Mail MergeGemBox.Document Help

Mail merge is a process of merging or importing data from a .NET object, also known as data source, to a DocumentModel instance, also known as template document.

Binding between data source and template document is provided by Field class whose FieldType property is MergeField (usually called a merge field) and whose GetInstructionText  method returns text that refers to the name of the property or column in data source (usually called a merge field name), and in mail merge process, that Field instance will be replaced by actual data returned from the data source for the given property or column name.

Introductory example

The following example gets you right-ahead on the mail merge code, so you can immediately understand what mail merge is and how to use it.

// Create a new empty document. 
var doc = new DocumentModel();

// Add document content.
doc.Sections.Add(new Section(doc, new Paragraph(doc, new Field(doc, FieldType.MergeField, "FullName"))));

// Save the document to a file.
doc.Save("TemplateDocument.docx");

// Initialize mail merge data source. 
var dataSource = new { FullName = "John Doe" };

// Execute mail merge.
doc.MailMerge.Execute(dataSource);

// Save the document to a file.
doc.Save("Document.docx");
Tip Tip

Template document with merge fields is usually created with Microsoft Word application. Here are the instructions on how to insert a merge field FullName into the document with Microsoft Word:

  1. Navigate to Insert tab of Microsoft Word ribbon.

  2. Click on Quick Parts ribbon button to open a drop-down list.

  3. Click on Field... button from the drop-down list to open the Field dialog.

  4. Select Mail Merge from Categories combo-box drop-down list.

  5. Select MergeField from Field names drop-down list.

  6. Insert FullName text into the Field name text-box.

  7. Press OK button to close the Field dialog.

The following screenshot describes the procedure visually.

Insert merge field with Microsoft Word
Insert Merge Field

Here are the screenshots from TemplateDocument.docx and Document.docx files.

TemplateDocument.docx
Introductory Mail Merge Template Document
Document.docx
Introductory Mail Merge Document
Tip Tip

If TemplateDocument.docx is empty when you open it with Microsoft Word, press Alt + F9 to toggle field codes.

As you can see, Field with field type MergeField and instruction text FullName has been replaced by the value from data source property named FullName.

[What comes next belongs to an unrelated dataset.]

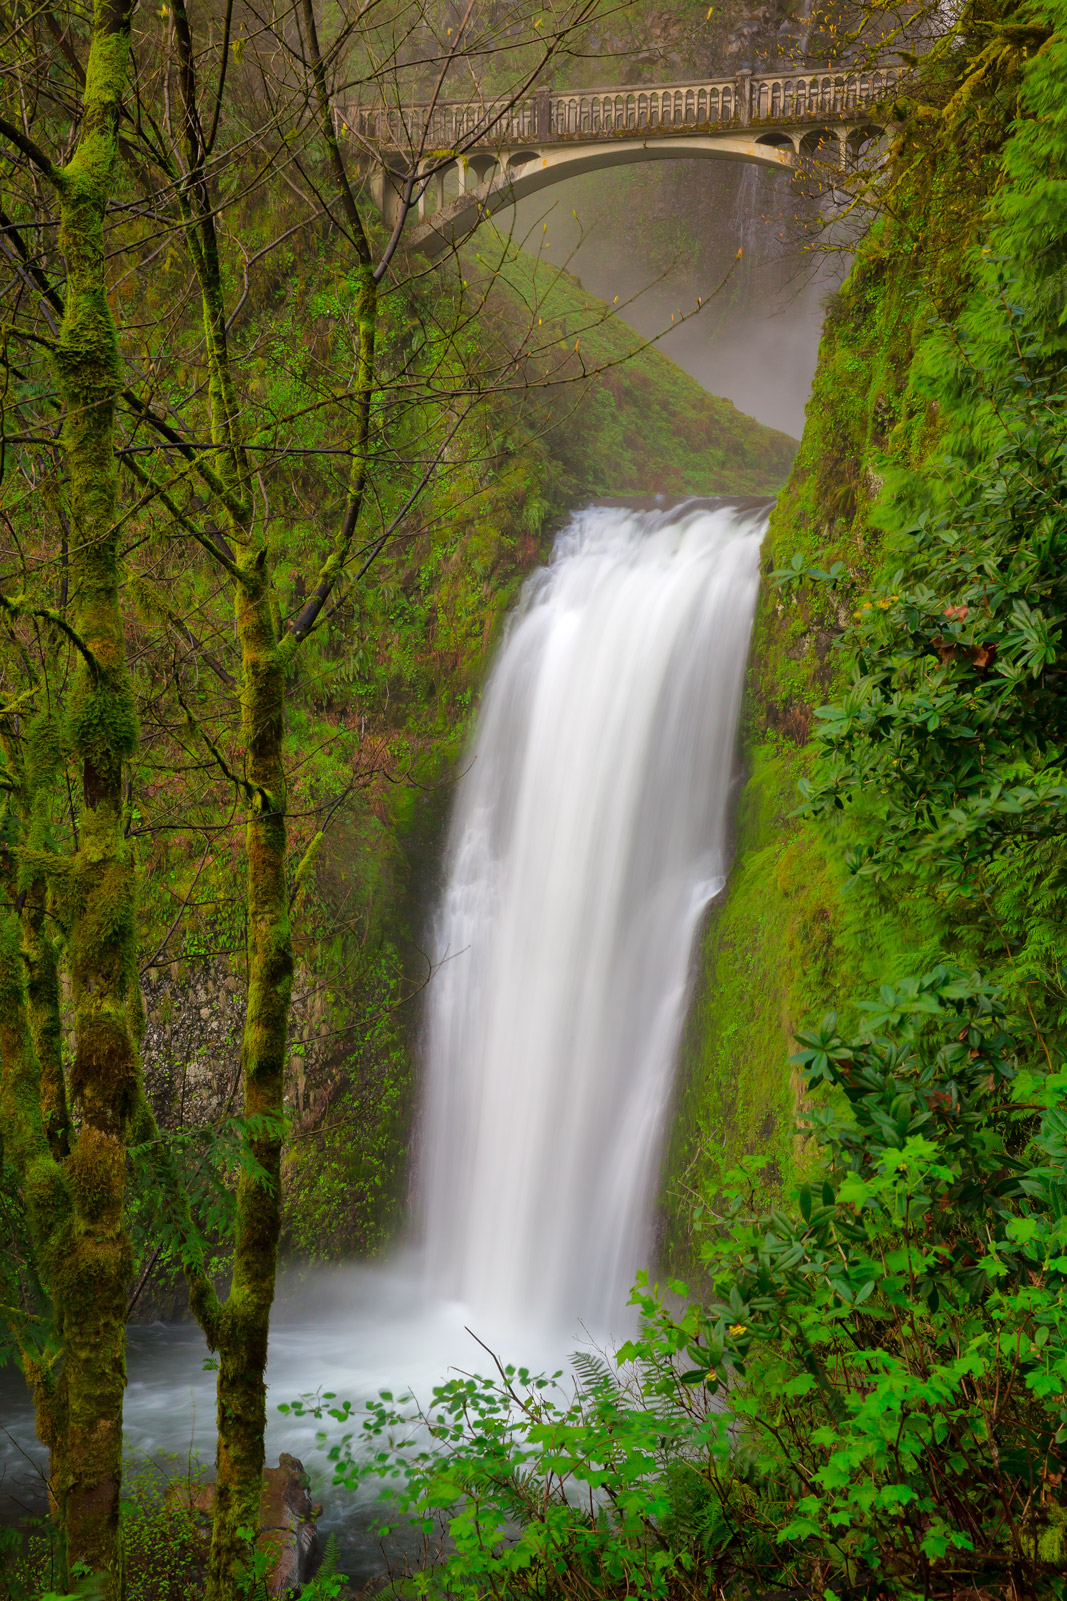 Oregon, Columbia River, Gorge, Multnomah, Falls, Waterfall, limited edition, photograph, fine art, landscape, photo

In this example the data source was an instance of an anonymous type, but GemBox.Document supports almost any .NET object to be used as a mail merge data source. More details about mail merge data sources are presented in the next section.

Mail merge data sources

Mail merge supports the following data source types:

Single name and value pair or a sequence of name and value pairs is used for the simplest mail merge. Names represent merge field names and values represent replacements for merge fields.

Whenever possible, mail merge engine will access data source property or column values without using reflection (for example, DataRow column values will be accessed through DataRow[string columnName] indexer. Reflection will be used if there is no other mechanism available to retrieve property / column values based on their names.

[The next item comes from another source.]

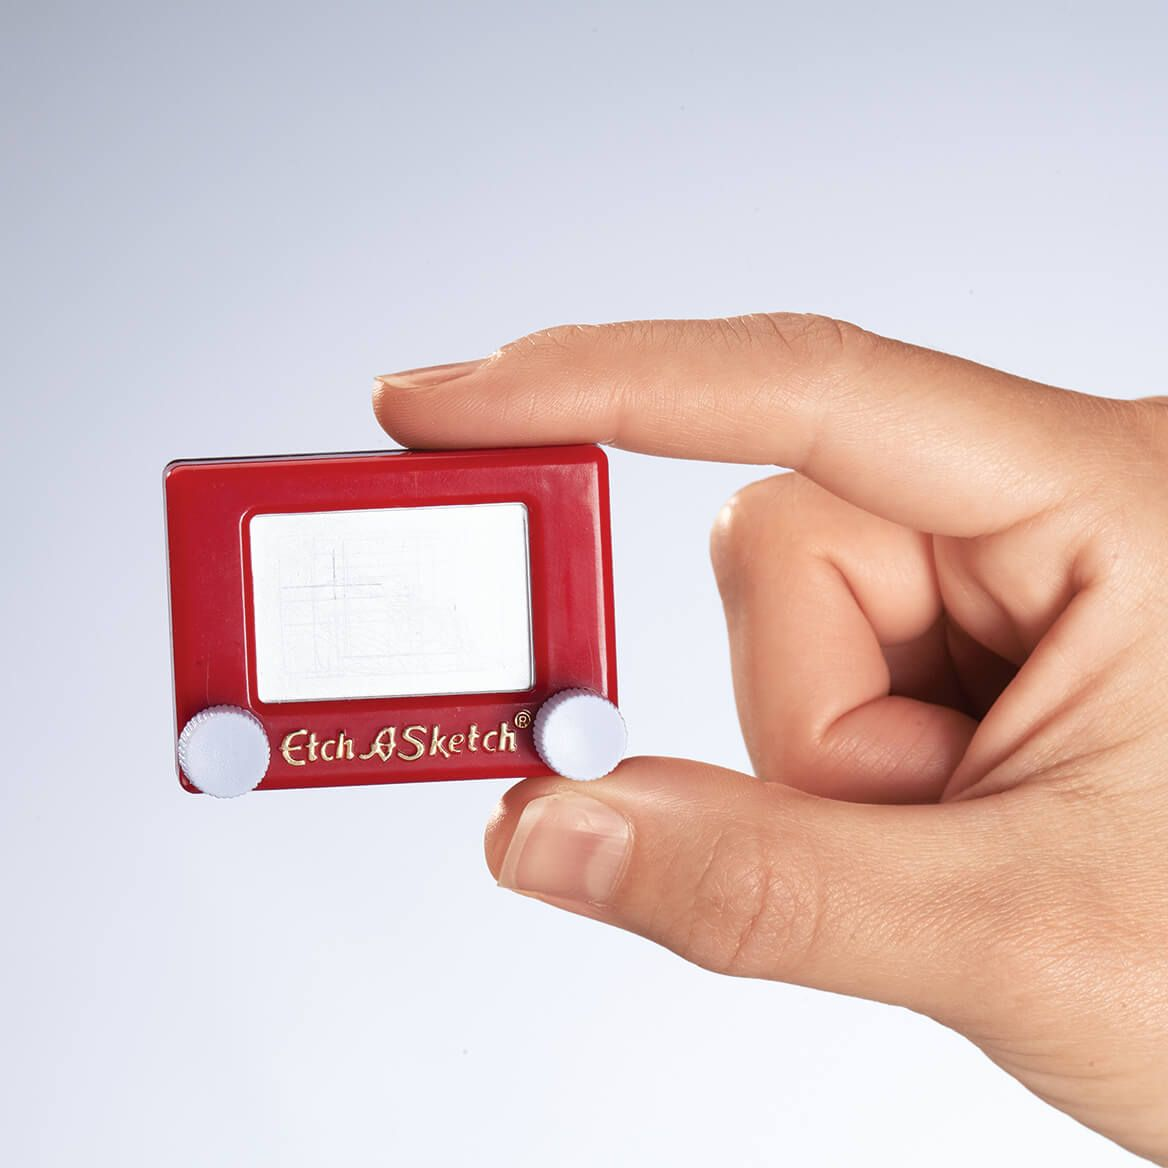 World's Smallest Etch A Sketch®-369180

If you are uncomfortable with reflection usage (security and performance issues), you can wrap your data source into your IMailMergeDataSource interface implementation and use it as a mail merge data source instead of the original data source. Mail merge engine will only use members from your IMailMergeDataSource implementation which can be implemented in a secure and efficient way - without using reflection.

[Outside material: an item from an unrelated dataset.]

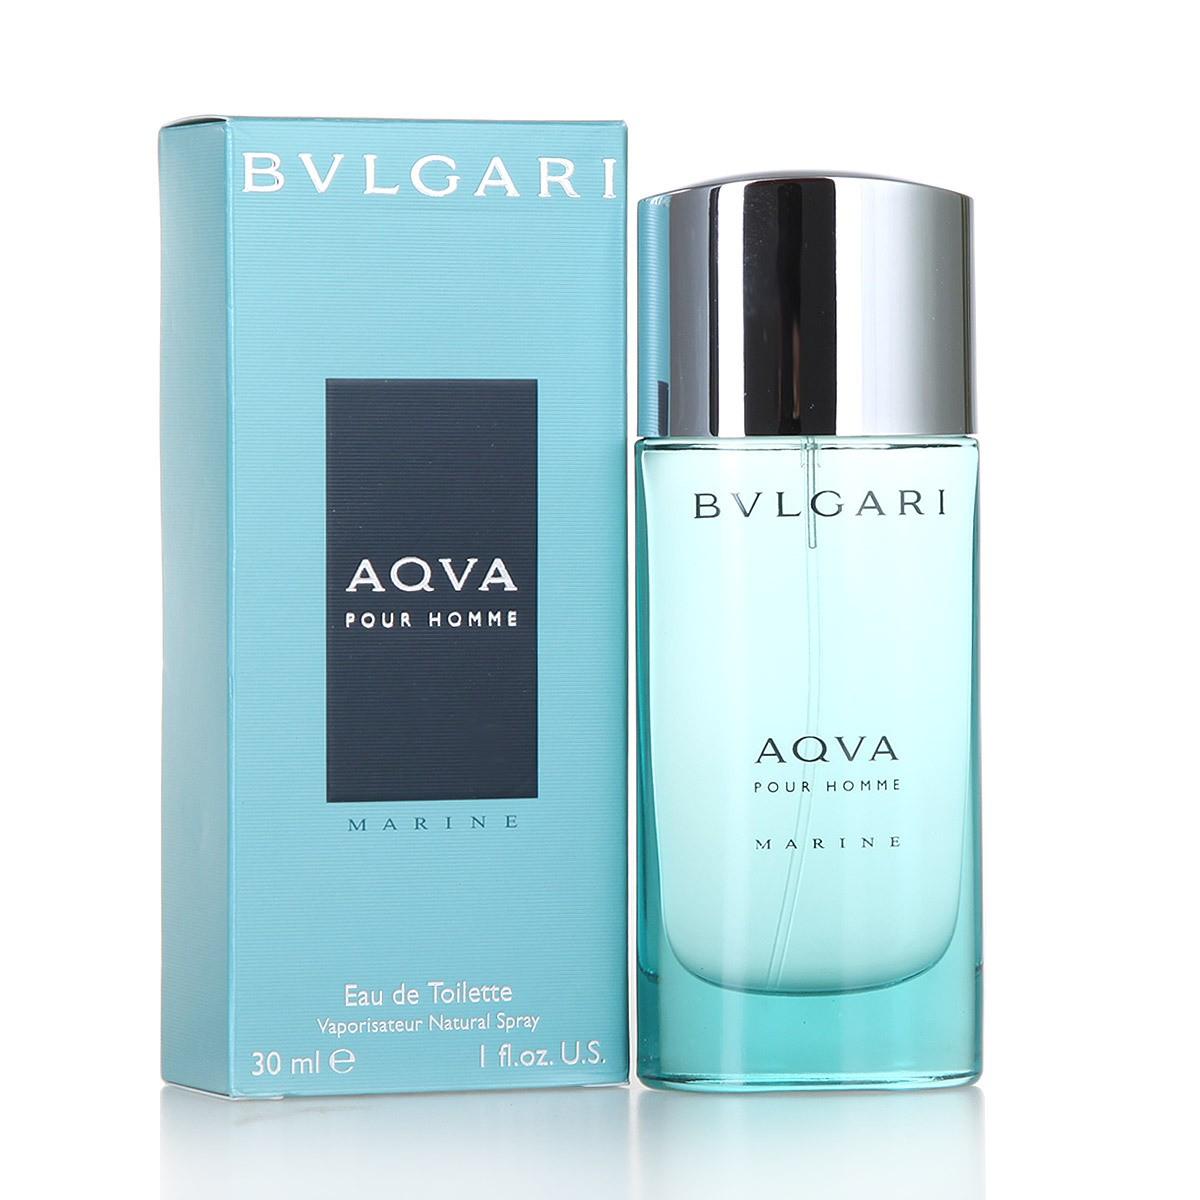 Bvlgari Aqva pour Homme Marine, 30ml, Toaletní voda

Implementing IMailMergeDataSource interface is necessary when your original data source is not a standard .NET object (maybe the object is implemented as a property bag, without standard .NET properties) or is not a standard .NET sequence (implemented without IEnumerable interface).

Mail merge process

To start the mail merge process, first mail merge range has to be found.

Mail merge range is a part of the document where the mail merge algorithm searches for merge field instances and replaces them with actual data from the data source.

If the data source contains more than one item, original mail merge range (the one that contains merge field instances) will be cloned and appended to the document just after previously processed mail merge range and then mail merge algorithm merges this mail merge range with data from the next item in the data source. This process is repeated for every item in the data source.

Mail merge process can be initiated with following method overloads:

Mail merge range is identified with its range name. If Execute(Object, String) method overload is used, then range name is explicitly specified in the rangeName parameter, otherwise range name is resolved as described in the following note.

Note Note

When using Execute(Object) method overload, range name is determined from the data source in the following way:

Range name is null or empty

If range name is resolved to a null or String Empty value, then mail merge range is the whole document content - all sections under the document.

This is best illustrated with the following example.

Let the range name be explicitly specified to a null value by using Execute(Object, String) method overload and let the data source be the following DataTable (this data source will also be used in the subsequent examples):

TableName: People

Name

Surname

John

Doe

Fred

Nurk

Hans

Meier

Following image shows the structure, in an XML-like format, of the template document and the structure of the document resulting from mail merging the data source into the template document when range name is resolved to a null or String Empty value:

Structure of template document and mail merged document when range name is null or empty.
Mail Merge Empty Range Name

Oval black-bordered rectangle shows mail merge range in the template document, and how it was expanded by cloning, appending it and filling it with the data in the mail merged document.

Range name neither null nor empty

If range name is neither null nor String Empty value, then mail merge range is determined by the merge field instances with names 'RangeStart:rangeName' and 'RangeEnd:rangeName' .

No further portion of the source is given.